---- AVAILABLE DATA
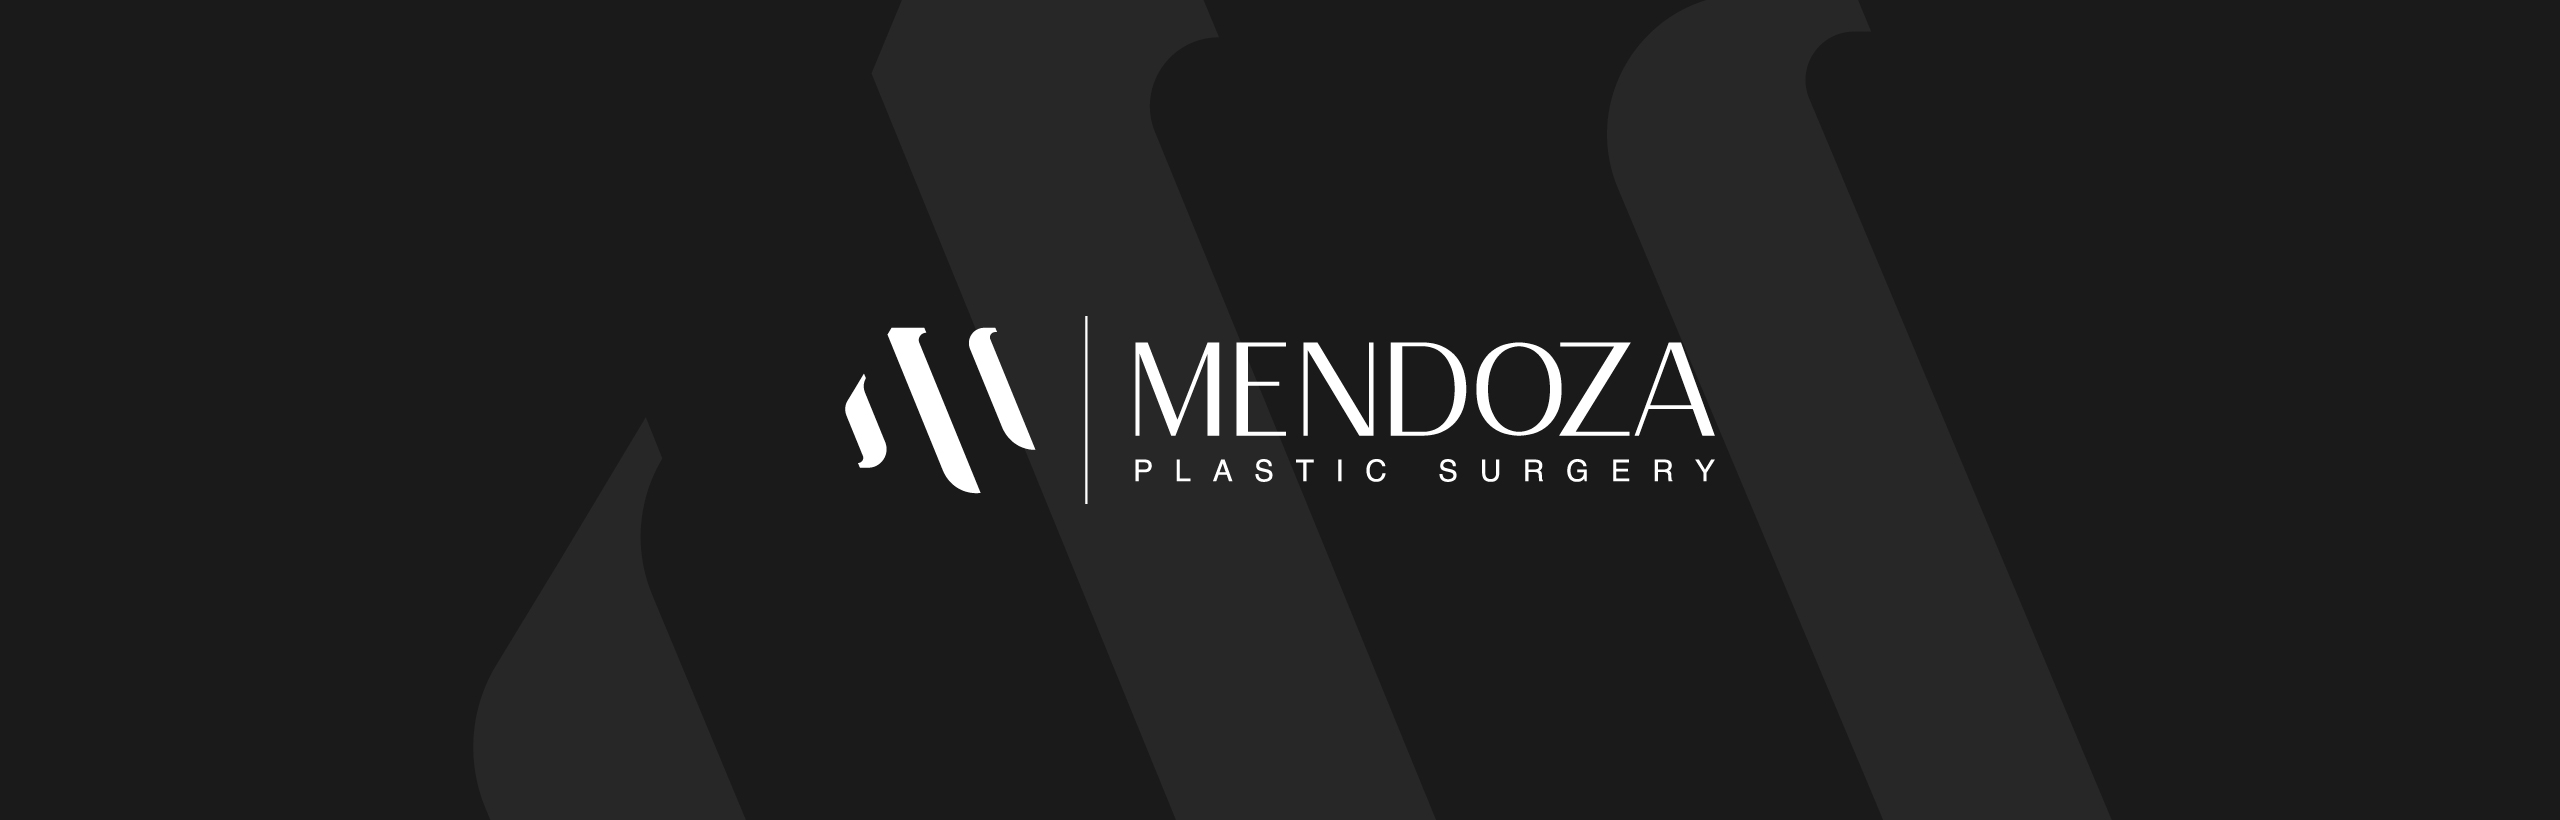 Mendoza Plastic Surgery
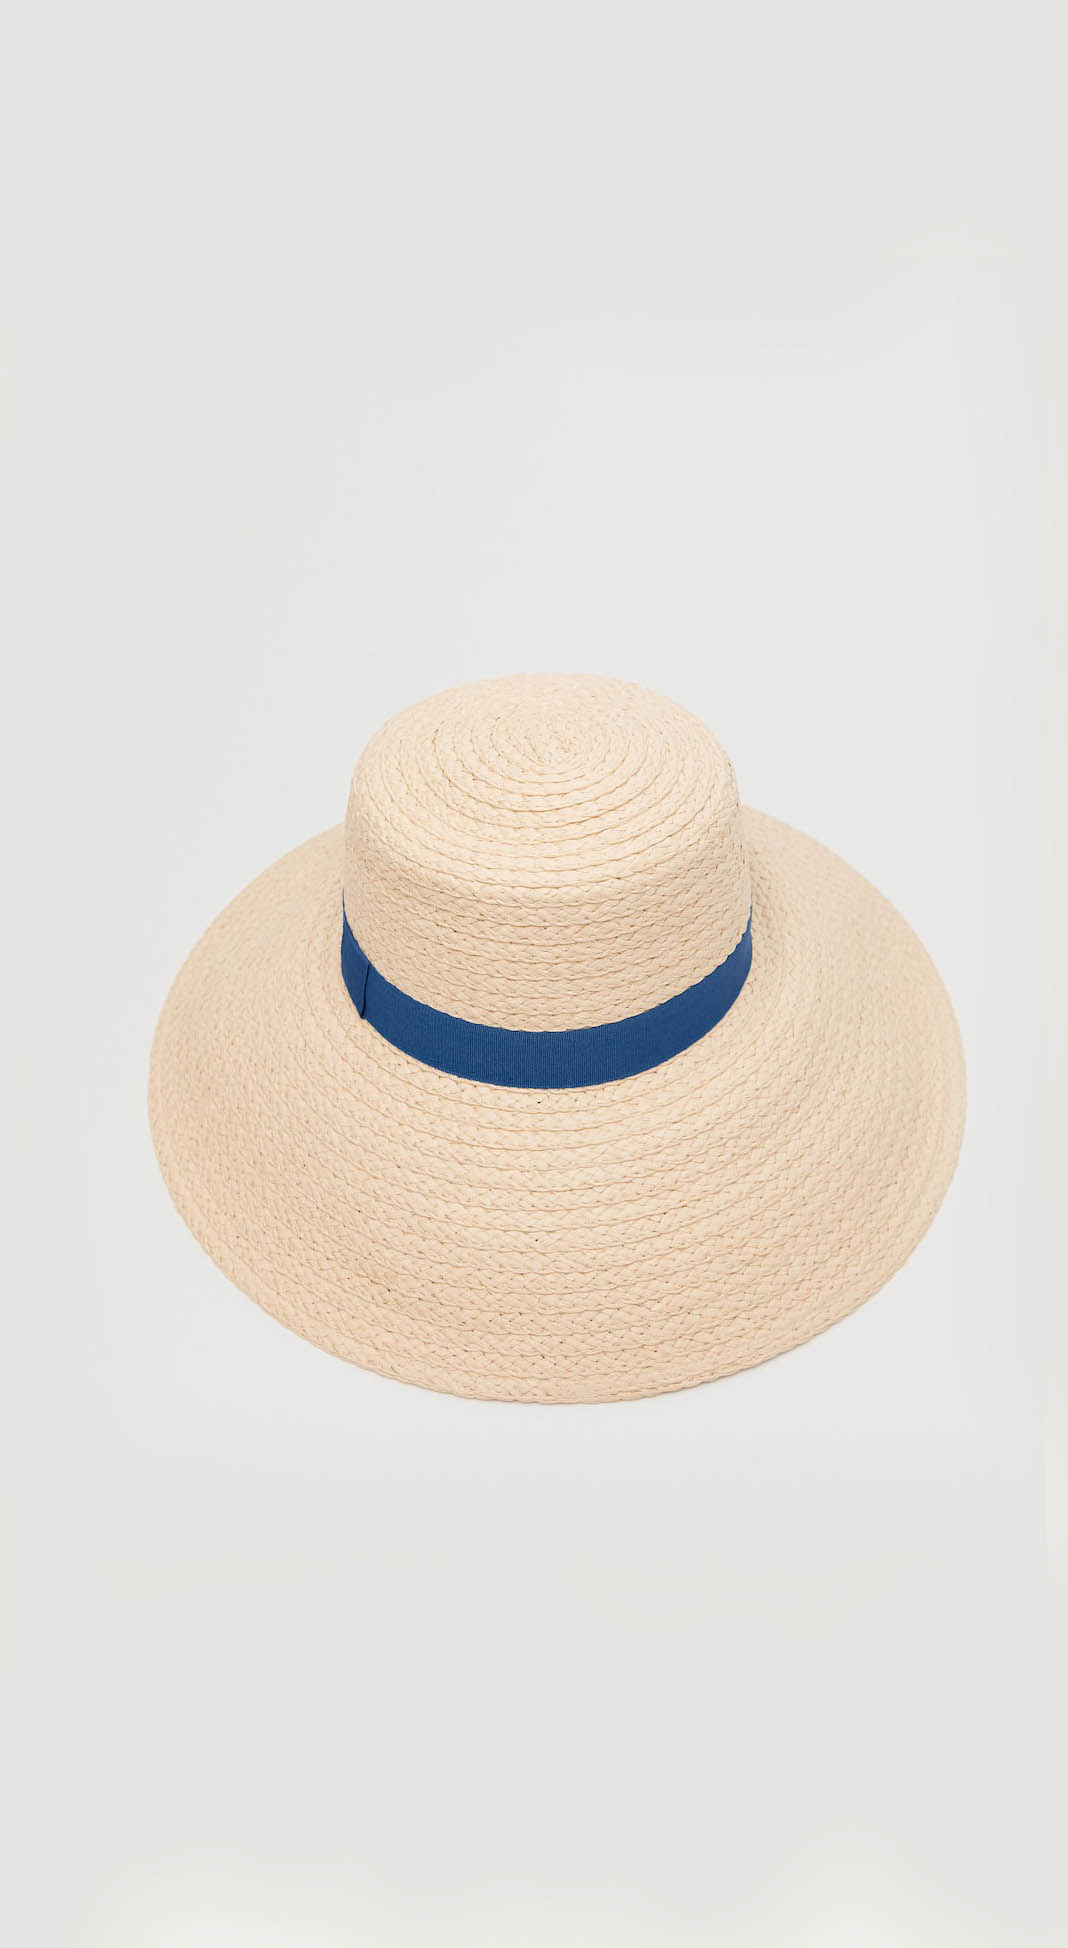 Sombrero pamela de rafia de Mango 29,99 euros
--------
---- AVAILABLE DATA
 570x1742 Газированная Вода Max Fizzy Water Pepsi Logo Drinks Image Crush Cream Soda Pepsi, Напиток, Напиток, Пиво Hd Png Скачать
--------
---- AVAILABLE DATA
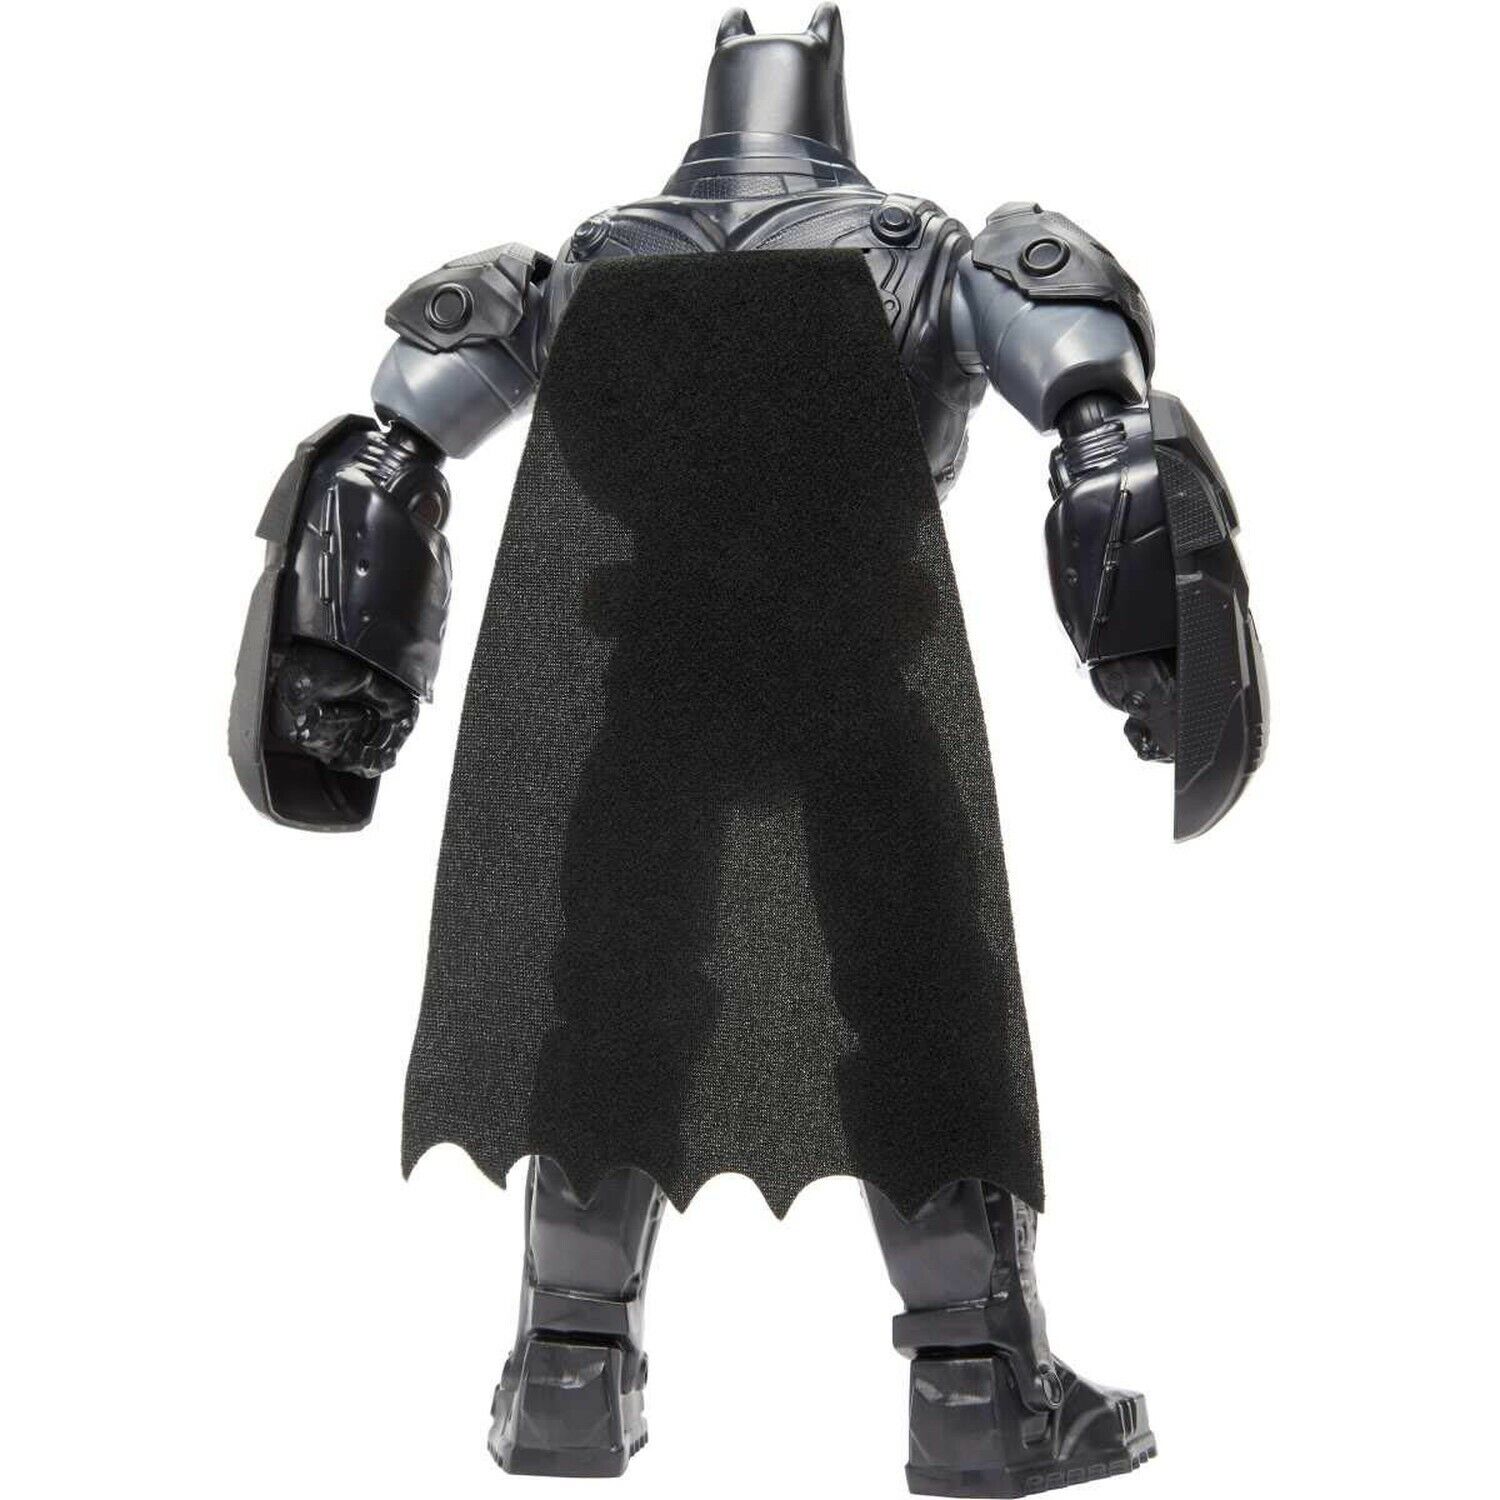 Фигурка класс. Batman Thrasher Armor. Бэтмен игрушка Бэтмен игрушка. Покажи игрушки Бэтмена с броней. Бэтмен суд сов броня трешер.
--------
▶ [WHAT IS EXPECTED] While skipping the pictures, transcribe the data above from the line showing "Mendoza Plastic Surgery" through the line showing "Sombrero pamela de", exactly and with both ends.

▶ [COMPLETED TASK]
 Mendoza Plastic Surgery
 Sombrero pamela de rafia de Mango 29,99 euros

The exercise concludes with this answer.